Au Japon, pisser est un jeu vidéo
J’ai longtemps pensé aux solutions à imaginer pour m’éviter de nettoyer systématiquement la cuvette des chiottes après le passage de mes fils. Je suis même allée jusqu’à leur peindre un message d’alerte sur la lunette les menaçant de passer sous les fourches caudines s’ils persistaient à m’arroser les murs, le sol voire le plafond.
17 ans que ça dure. Trois garçons. Mes filles sont nettement plus propres.
Il aura fallu attendre l’idée lumineuse de Séga pour enfin se débarasser du Fléau, cette petite odeur romanesque qui embaume le couloir quand on ne passe pas l’éponge dans l’heure suivant le départ à l’école.
Oui. Dieu Séga, je me prosterne devant vous.
L’entreprise teste actuellement dans les bars des «toylets». Des urinoirs cernés de capteurs et d’écrans.

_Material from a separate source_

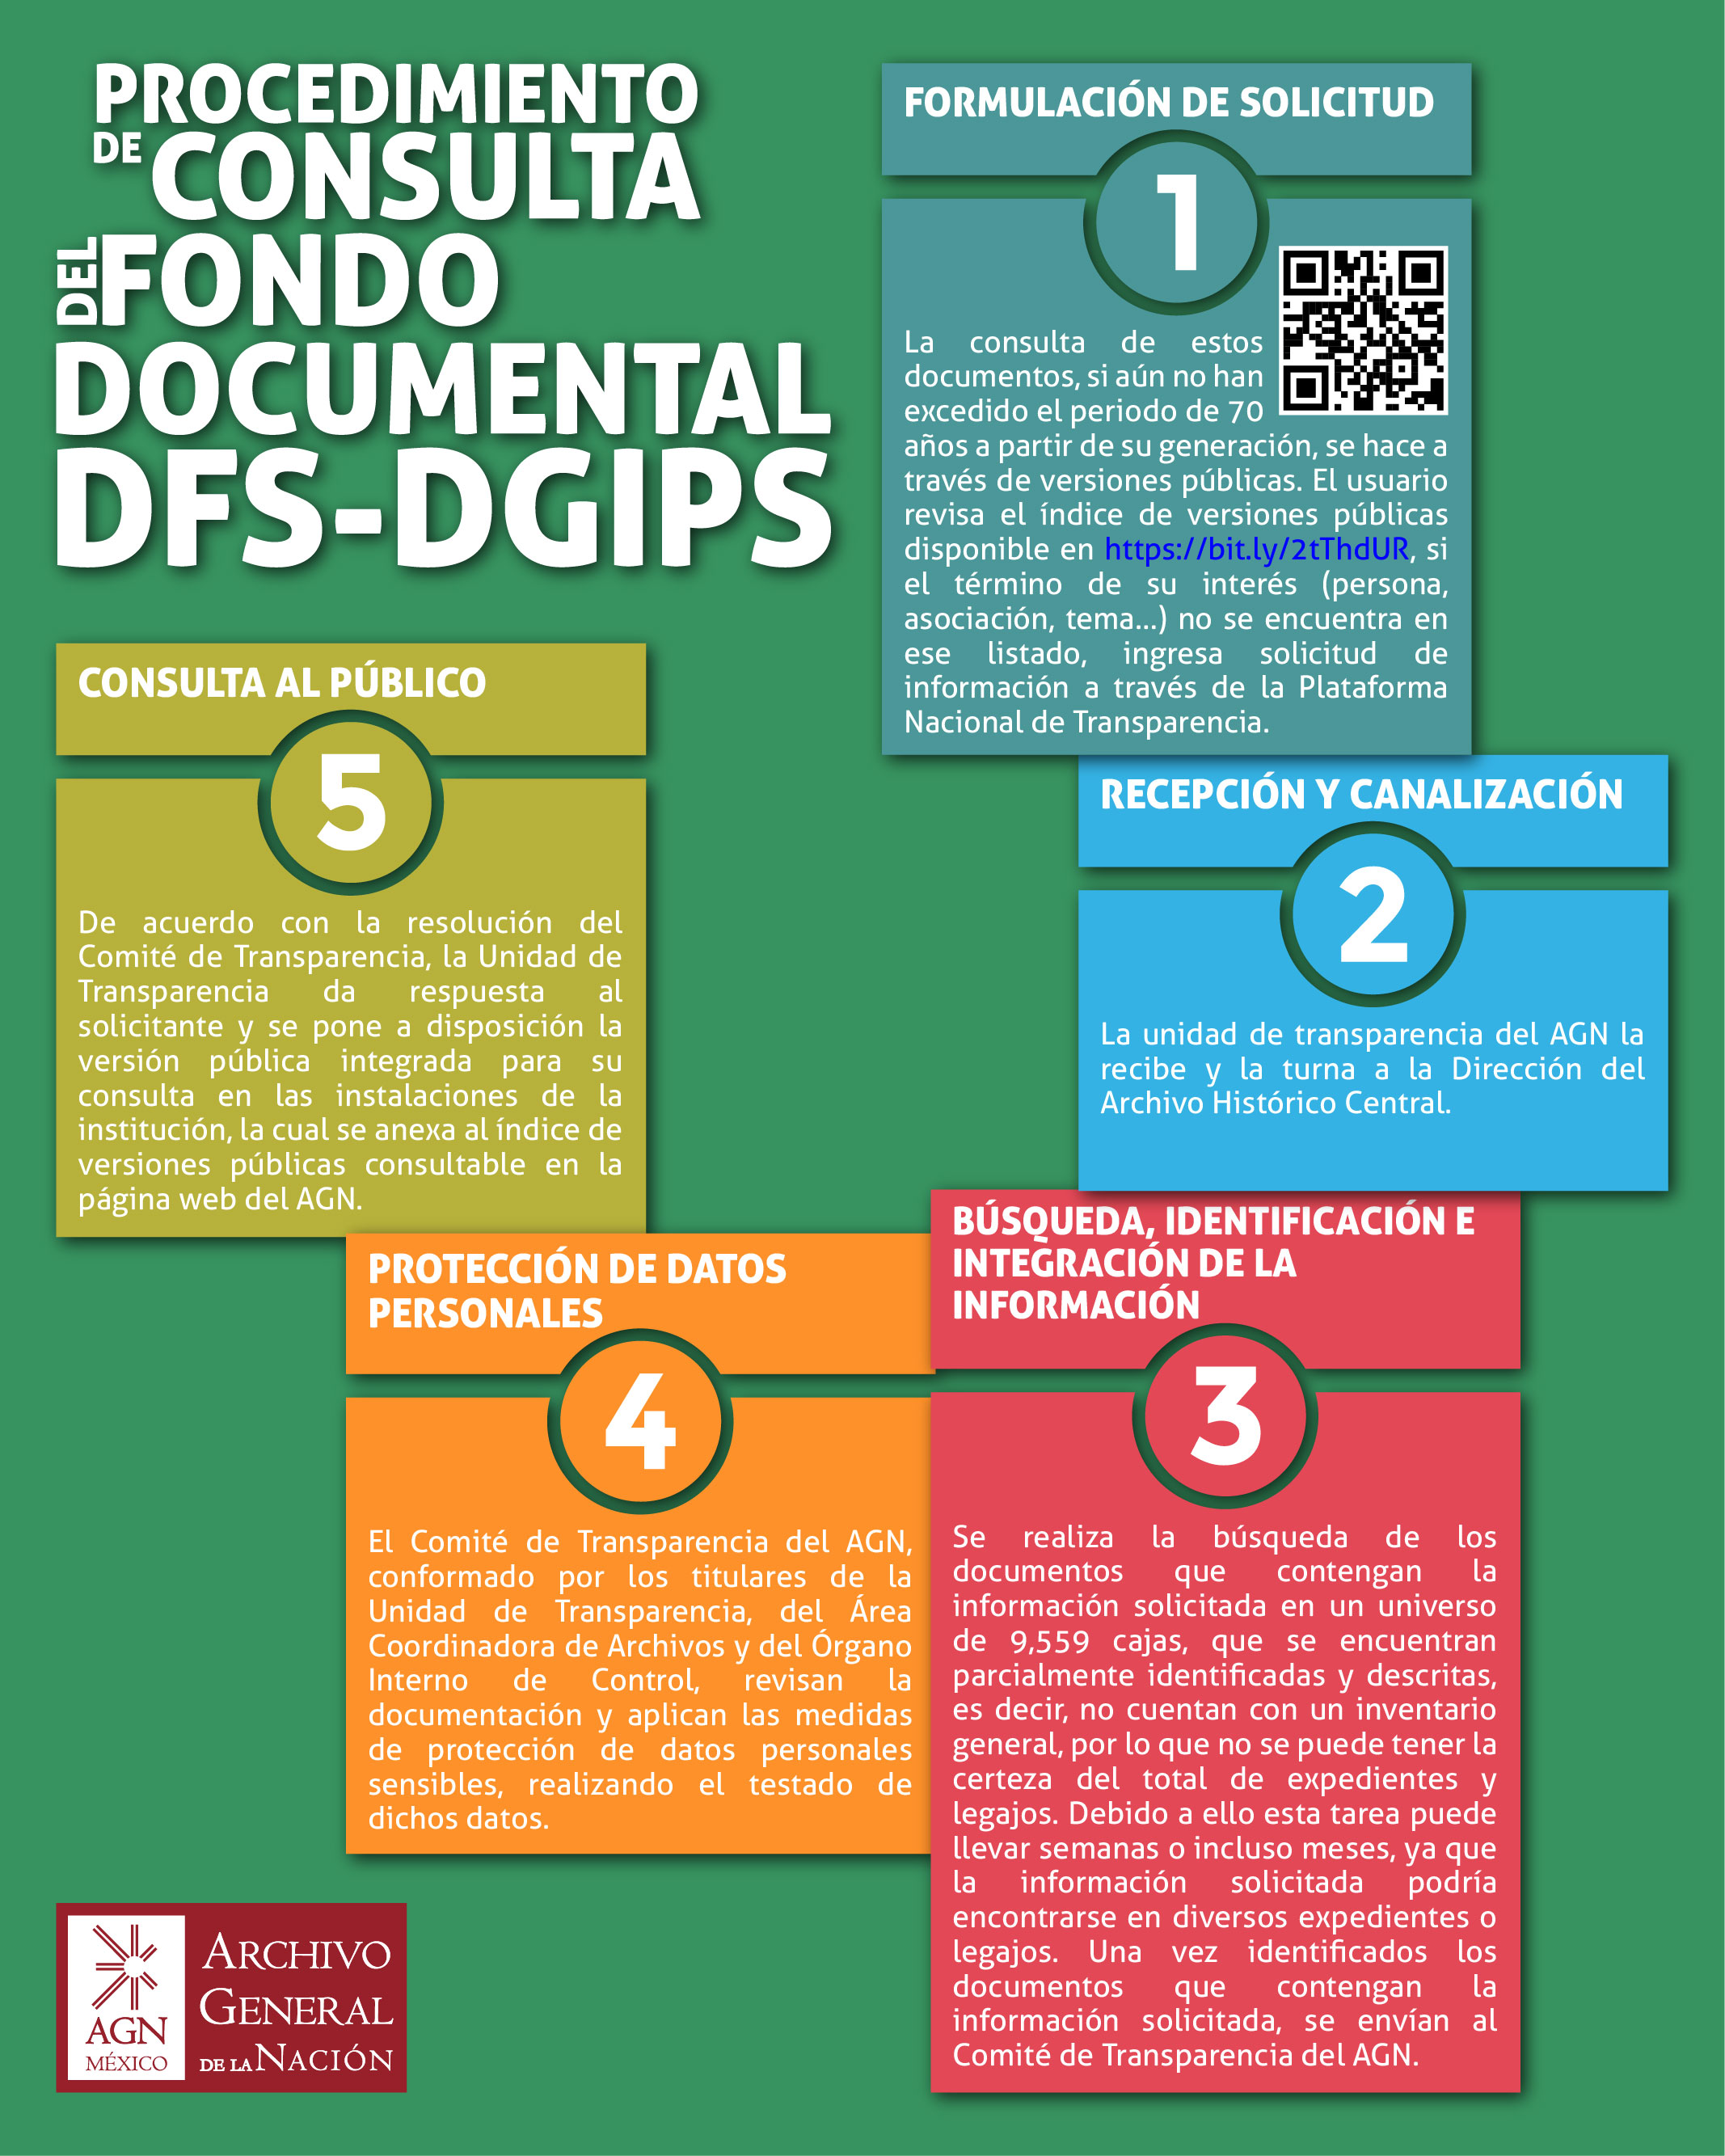 /cms/uploads/image/file/559940/Infogrf_a_Procedimiento_consulta_DFS-DGIPS.jpg
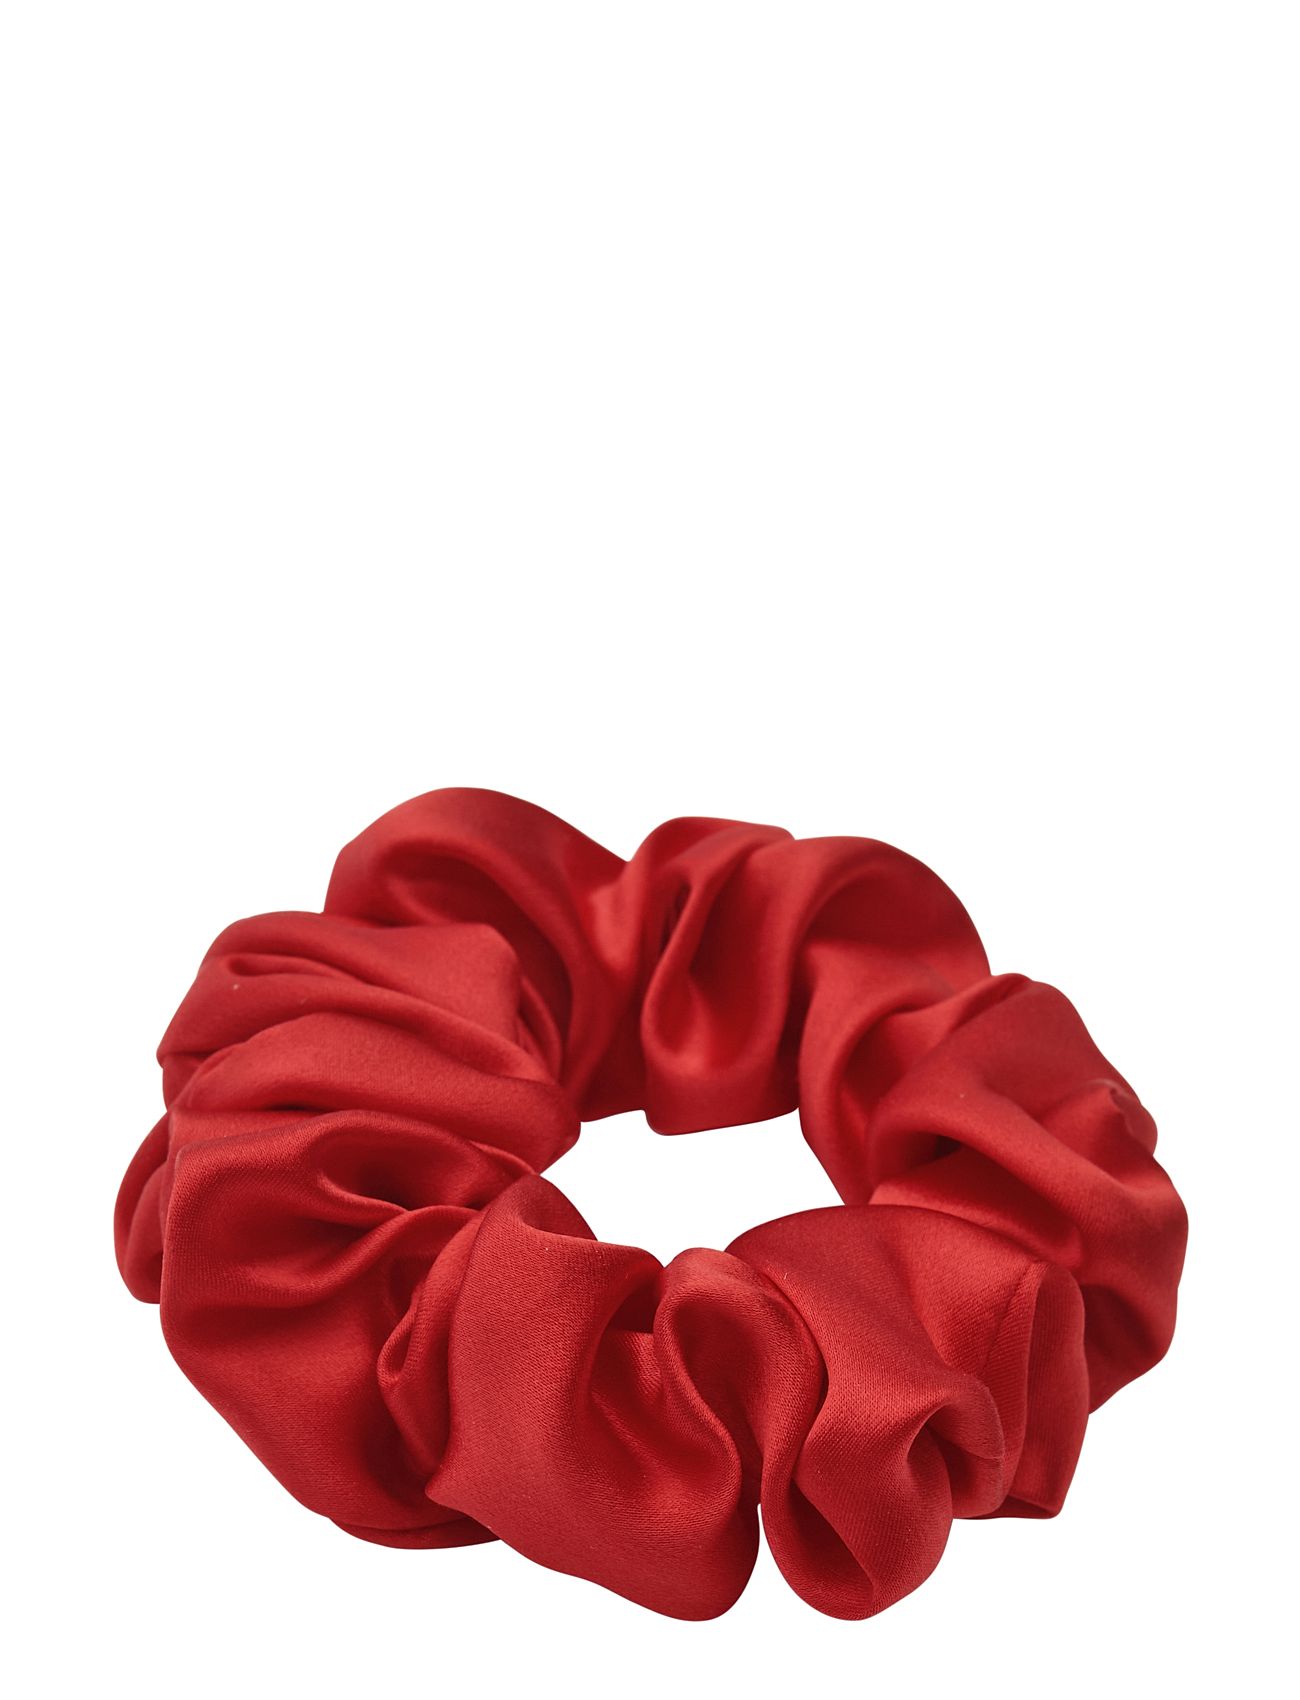 Mulberry Silk Scrunchie Accessories Hair Accessories Scrunchies Red Lenoites

But du jeu: viser la cuvette, pisser le plus fort, et le plus précisément possible.
Ce qui, vous en conviendrez, devient beaucoup plus compliqué au bout de quinze bières, aussi japonisantes soient-elles.
Mais le plus beau dans l’histoire, c’est qu’il existe une version «duel» grâce à laquelle on peut se mesurer avec son voisin de pipiroom.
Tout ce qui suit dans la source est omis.